A curious being, this hostess, who directed the pension, the business of the inmates, and a number of children, without apparent effort. She was a widow; two of her children were nearly twenty, but she looked scarcely thirty. Tall, dark, clever, with eyes like glowing coals; decided, ready in conversation as in business, like an officer long used to command, always trusted, always obeyed; one yielded oneself involuntarily to her matter-of- course way of arranging everything, and she was obliging, even self-sacrificing, to those she liked--it was true that that was not everybody. This absence of reserve was especially characteristic of her, and was another reason why all relied on her. She had long ago taken up Fru Kaas--entertained her first and foremost.

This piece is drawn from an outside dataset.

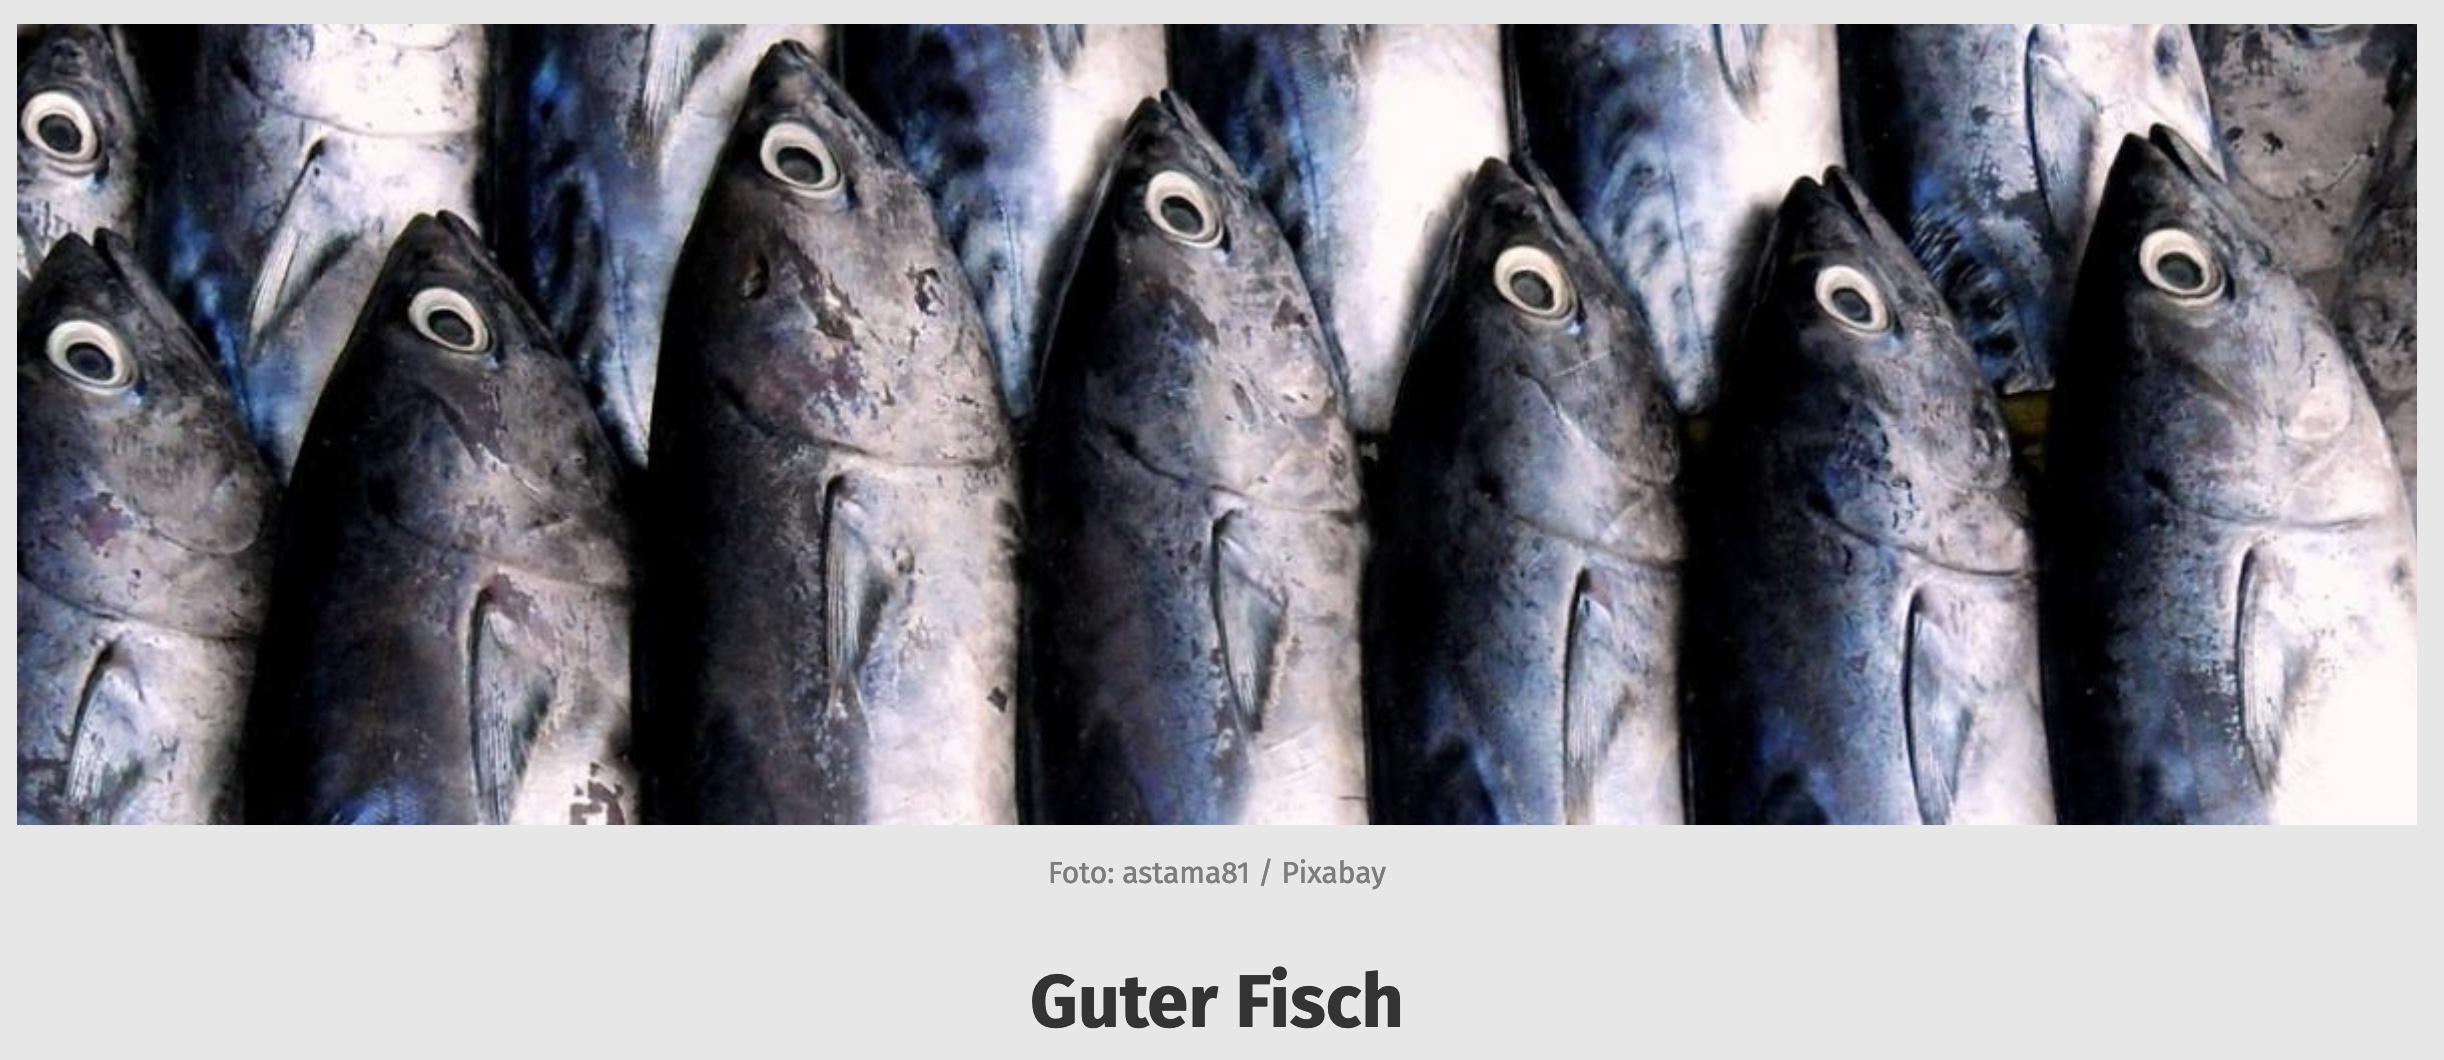 "Guter Fisch-Liste": FIZ übt Kritik an Verbraucherzentrale Berlin

Angelika Nagel used in conversation modern Christiania slang which is the latest development of the language. In the choice of expressions, words such as hideous were applied to what was the very opposite of hideous, such as "hideously amusing," "hideously handsome." "Snapping" to anything that was liquid, as "snapping good punch." One did not say "PRETTY" but "quite too pretty" or "hugely pretty." On the other hand, one did not say "bad" for anything serious, but with comical moderation "baddish." Anything that there was much of went by miles; for instance, "miles of virtue." This slipshod style of talk, which the idlers of large towns affect, had just become the fashion in Christiania. All this seemed new and characteristic to the careless emancipated party which had arisen as a protest against the prudery which Fru Kaas, in her time, had combated. The type therefore amused her:-- she studied it.

Angelika Nagel relieved her of all her business cares, which were only play to her. It was the same thing with the question of the cement undertaking. In an apparently careless manner she let drop what had been said and done about it, which had its effect on Fru Kaas. Soon things had progressed so far that it became necessary to consult Rafael about it, and as he was difficult to catch, she sat up for him at night. The first time that she opened the door for him he was absolutely shy, and when he heard what she wanted him for he was above measure grateful. The next time he kissed her! She laughed and ran away without speaking to him--that was all he got for his pains. But he had held her in his arms, and he glowed with a suddenly awakened passion.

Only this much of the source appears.